### [Instructions to follow]
Leave out any picture and return the remaining listing below exactly as given.

### [Collected material]
....................
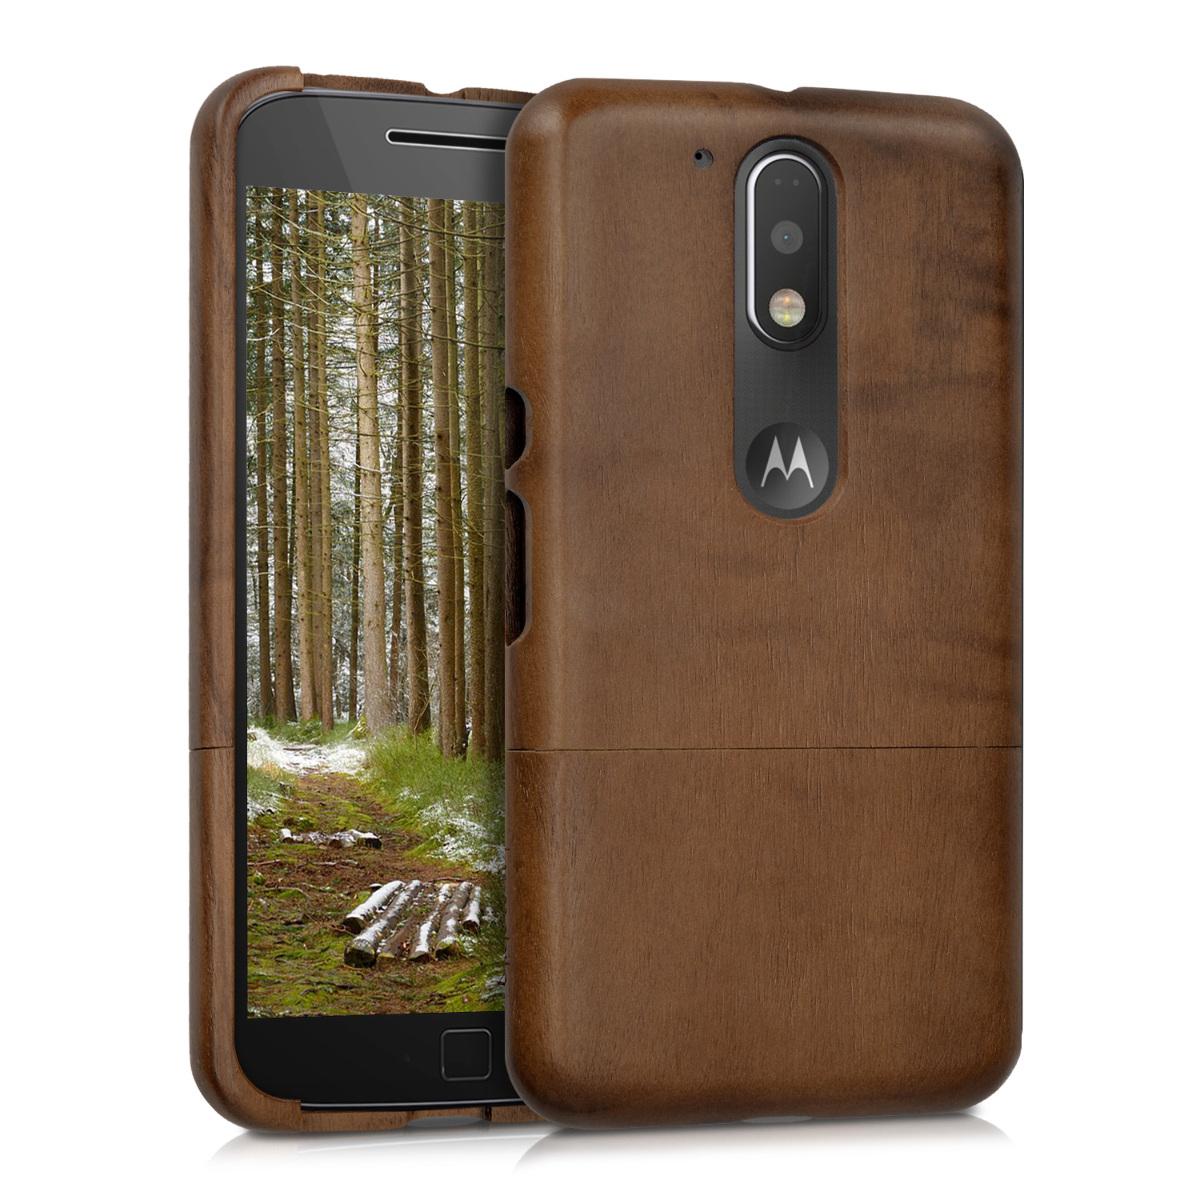 KW Ξύλινη Θήκη Motorola Moto G4 / Moto G4 Plus - (39570.18)
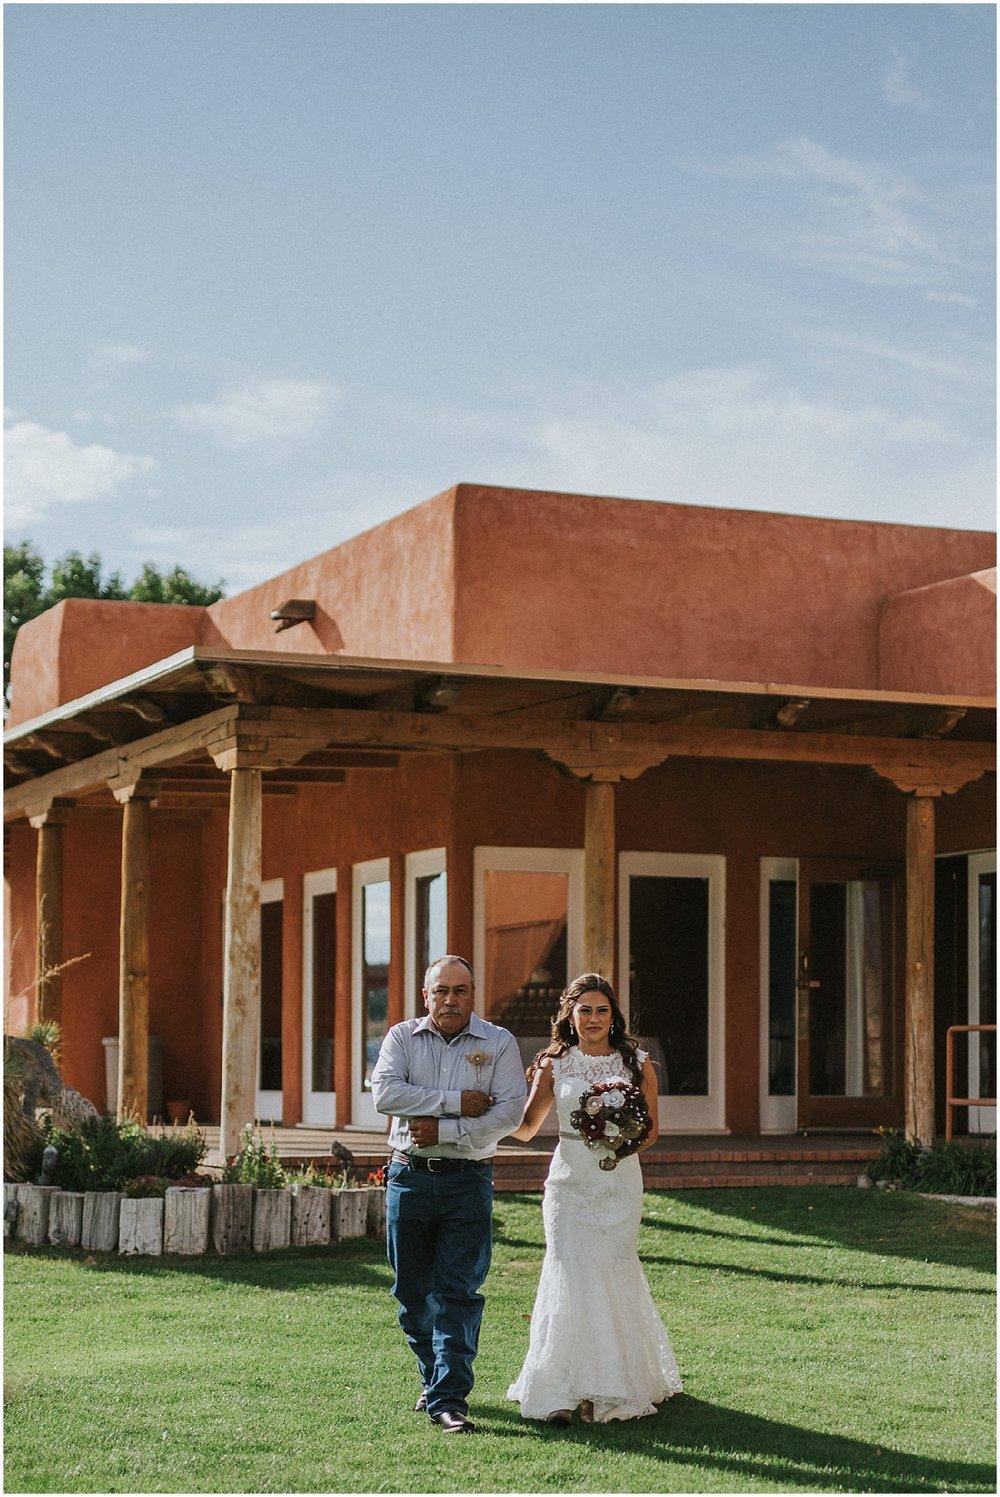 Prairie-Star-Restaurant_Wedding-Photos_Santa-Ana-Pueblo-New-Mexico_Albuquerque-New-Mexico-Wedding-Photographer_0017.jpg
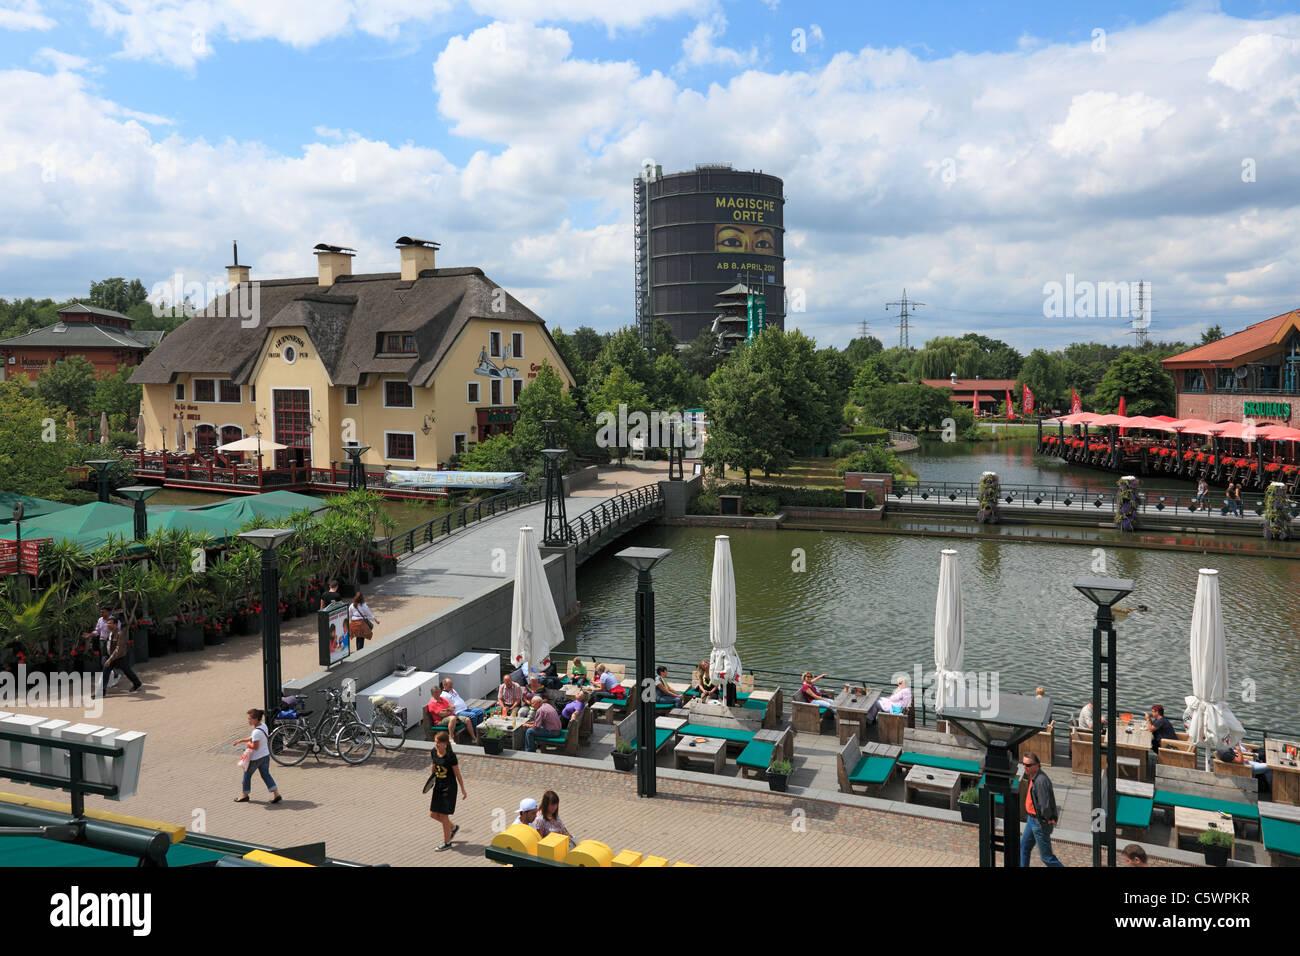 D-Oberhausen, Ruhr area, Lower Rhine, North Rhine-Westphalia, NRW, D-Oberhausen-Neue Mitte, Ruhr 2010, Cultural Stock Photo
....................
### [Exercise result]
 KW Ξύλινη Θήκη Motorola Moto G4 / Moto G4 Plus - (39570.18)
 Prairie-Star-Restaurant_Wedding-Photos_Santa-Ana-Pueblo-New-Mexico_Albuquerque-New-Mexico-Wedding-Photographer_0017.jpg
 D-Oberhausen, Ruhr area, Lower Rhine, North Rhine-Westphalia, NRW, D-Oberhausen-Neue Mitte, Ruhr 2010, Cultural Stock Photo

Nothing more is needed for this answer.